Billy Corben on Joe Rogan Experience: "I'm Illiterate....In The 90s, Cocaine Died in Miami"

Cocaine Cowboys is a certified classic; But the director's credibility not so well established as the characters in his work; with his public statements calling into question his basic understanding of Miami and reality. 

Anybody stupid enough to say on a national interview platform on a major podcast that there was no cocaine in Miami in the 1990's is too uninformed to be taken seriously on the subject. 

His Cocaine Cowboys movie is a rare critical, commercial, and lasting film success that came out in 2006, and despite looking like it was shot on VHS, a solid documentary that has been entertaining people for close to two decades.

But it realistically offers a very narrow scope of activity through a few stories from some big players.

And it leaves out plenty of real history in an odd way which recent statements might explain why.

All you gotta do is watch, or listen to Joe Rogan Experience episode number 1706,

Rogan: In the 90s (cocaine) kind of died away?

Billy Corben: Totally. By the 90s, what happens is, yeah, cocaine kind of fell out of favor.

However In the 1990's, the Cali Cartel was one of the biggest drug organizations in the world, and their product of choice was cocaine and 80% of product in the U.S., according to the Miami Herald in 1995, came from their shipments.
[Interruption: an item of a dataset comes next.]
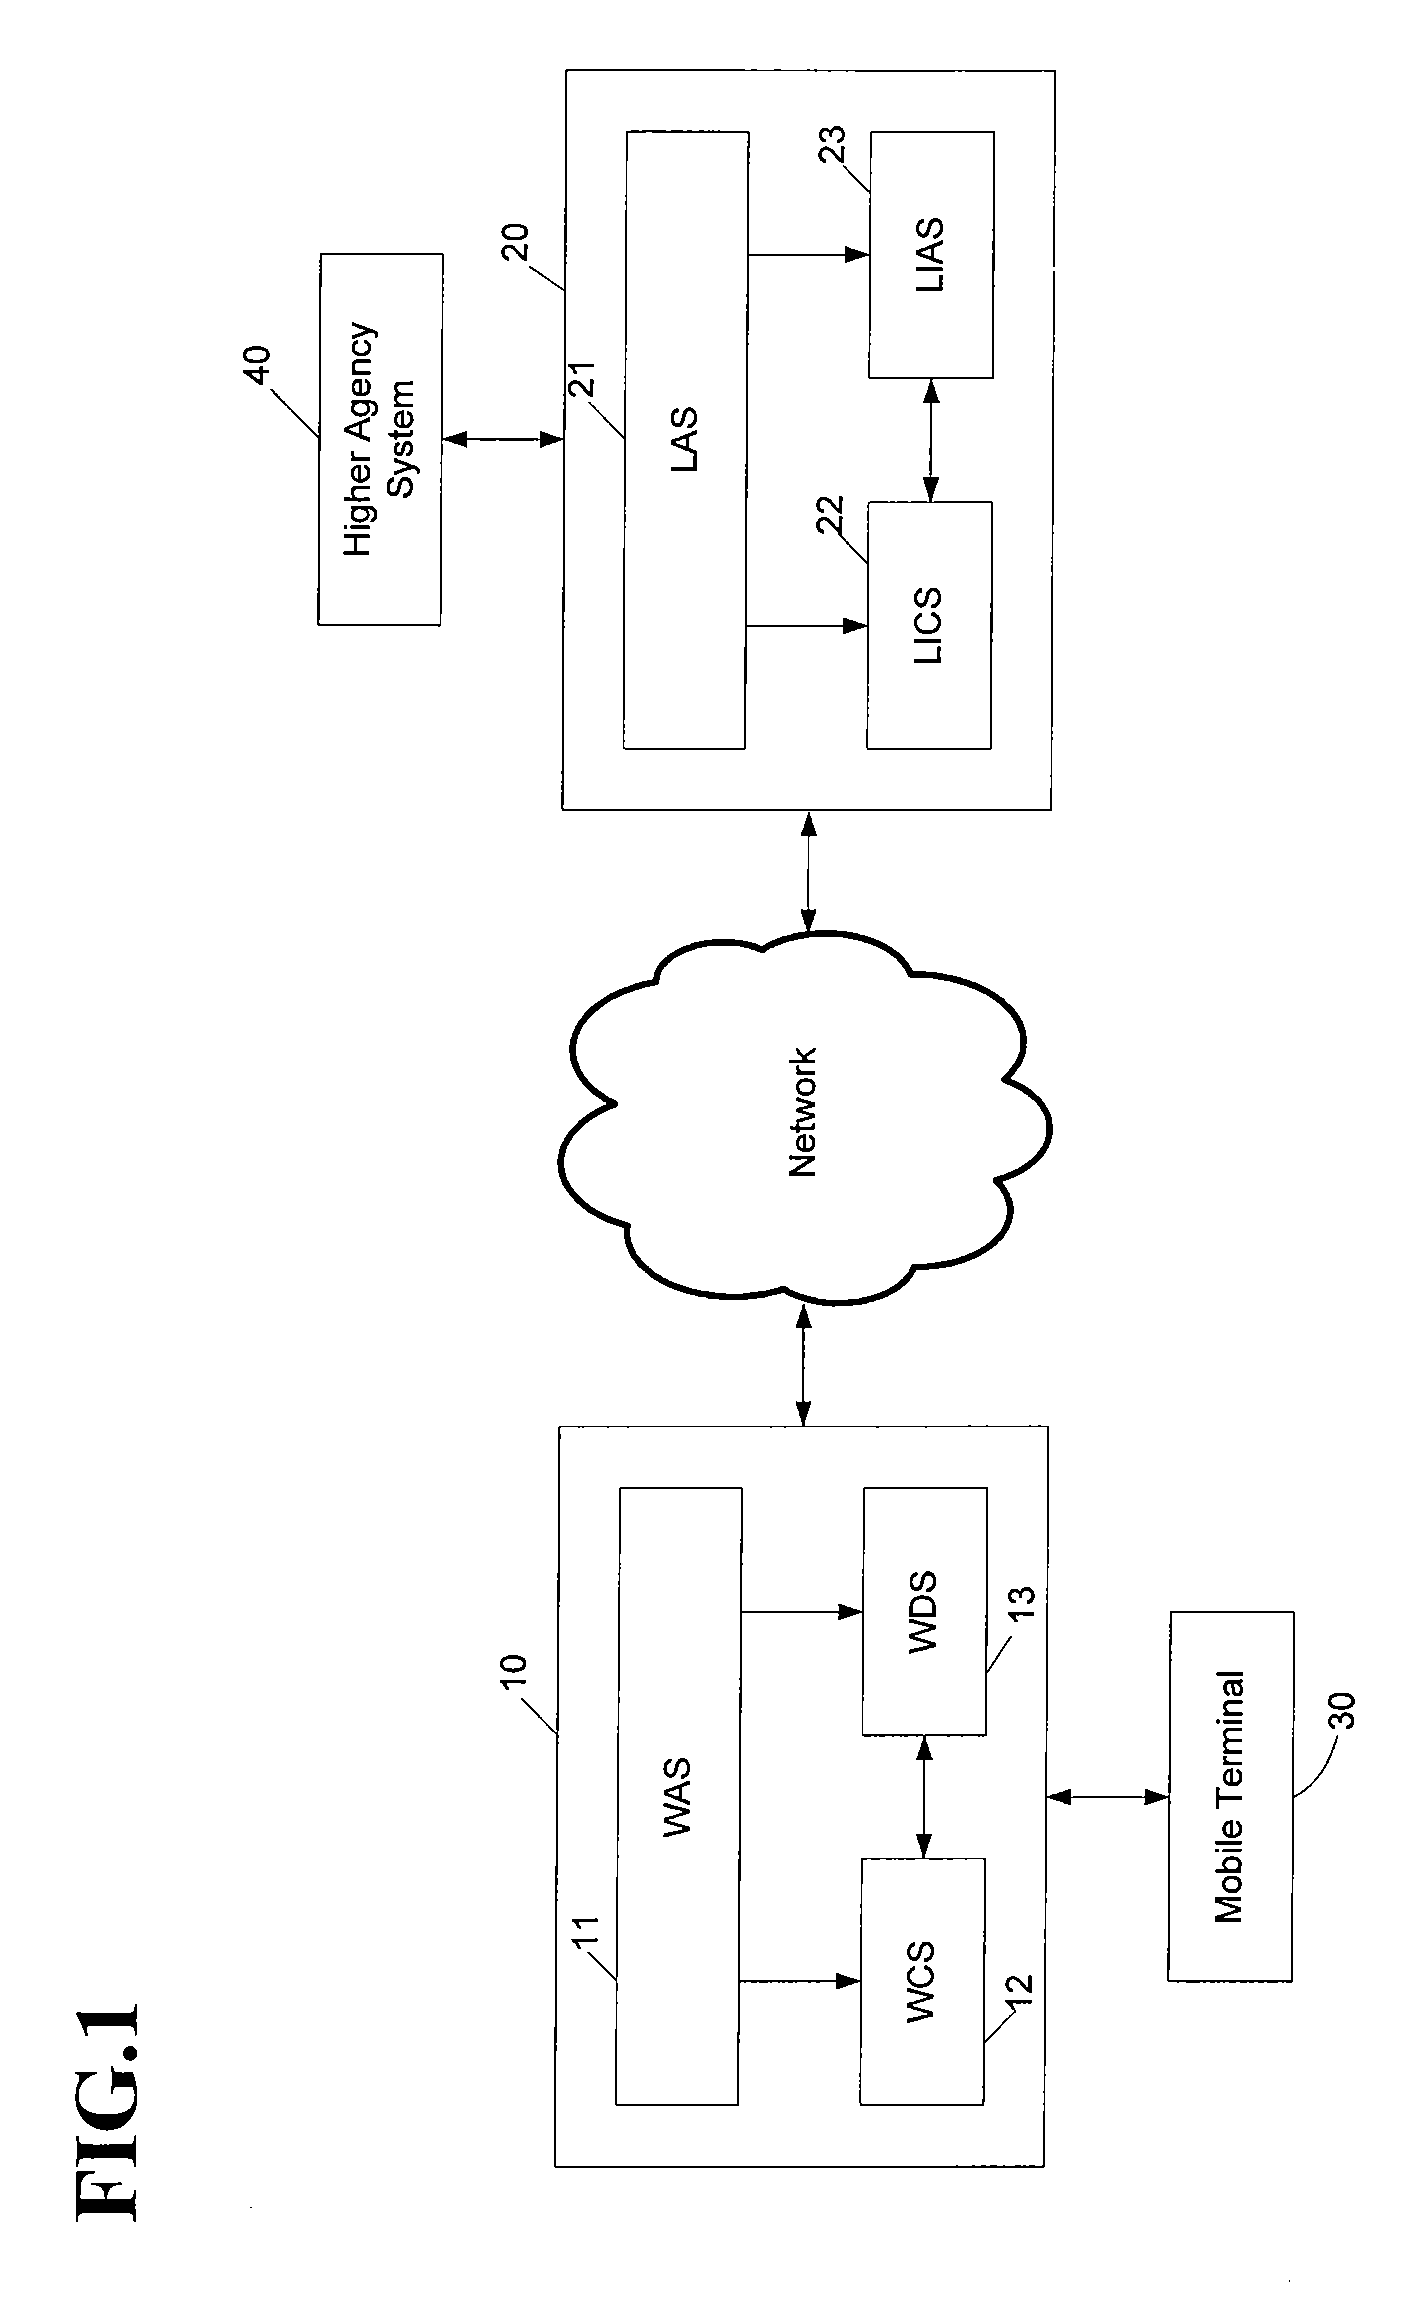 Electronic surveillance method and system

And that was only after they rose up in the traffic rankings through their competition with the Medellin Cartel.

Two of the most powerful and often cited organizations in the world dominated the 90s, right under Corben's nose, out of reach of his nostrils.

He is obviously capable of directing the filming of interviews, but he's not a reader, critical thinker, not a writer or journalist. He is a movie director more wholly concerned with entertainment.

Am I a hater? Not really. He made a big fat stupid factual error that lots of people will believe coming from a so-called expert documentarian talking about what he is most well known for.

Later in the episode Corben says, "I'm basically a functioning illiterate. Let's be honest about it."

The Cali Cartel were mentioned thousands of times in Miami newspapers from 1990-1999. Not that he would be able to read all about it. Not that being illiterate is wrong or bad, but it absolutely restricts his basic understanding of established and certified facts; reducing his subjective personal experience to being the reality of the decade just to be agreeable with Joe.

Or maybe hiding what his next movie is, or somebody out there advised him what not to talk about.

Starting with Manuel Noriega's apprehension on January 3 of 1990 all the way through "Fatso" Florez getting busted in 1999, tons and tons and tons and tons of cocaine came through Miami and the war on drugs was in full swing and there were many court cases and paper work and news articles and tv coverage on the local, regional, and national news, in major magazines, and in books.

No matter how many out-of-town people he can convince otherwise, just like everybody else on earth, including myself, he is full of shit.

But the shit that I am full of is different than him. I am full of true shit. And he is full of fake shit.

So either he is afraid of the truth and unafraid to lie about it, somebody told him what not to talk about, he really is that dumb that he didn't know, or some unaccounted for variable led him to make such misleading statements, all the while setting himself up as the arbiter of truth.

I've interviewed him before, a few times, over the phone and on video, as well as shouted him out in the media, and said nice things, and gave him props as a moviemaker just as i did here today and seen him in the streets at different places, and even had some of my work shared by his company online.  

But on this one particular episode of Rogan, in a three hour interview of which it's a very small part, Billy Corben tells the world that cocaine in Miami died in the 90s.

Anybody listening to him talk about anything should remember that.

Cocaine sucks it's never been my thing. I have seen it ruin people's lives and even kill them dead. I am no expert on it. My knowledge of its cases in the 90s, when the stories of it were everywhere in the media and in the streets, is because it was so widespread and omnipresent. It did not die off in the 90's. It got more powerful.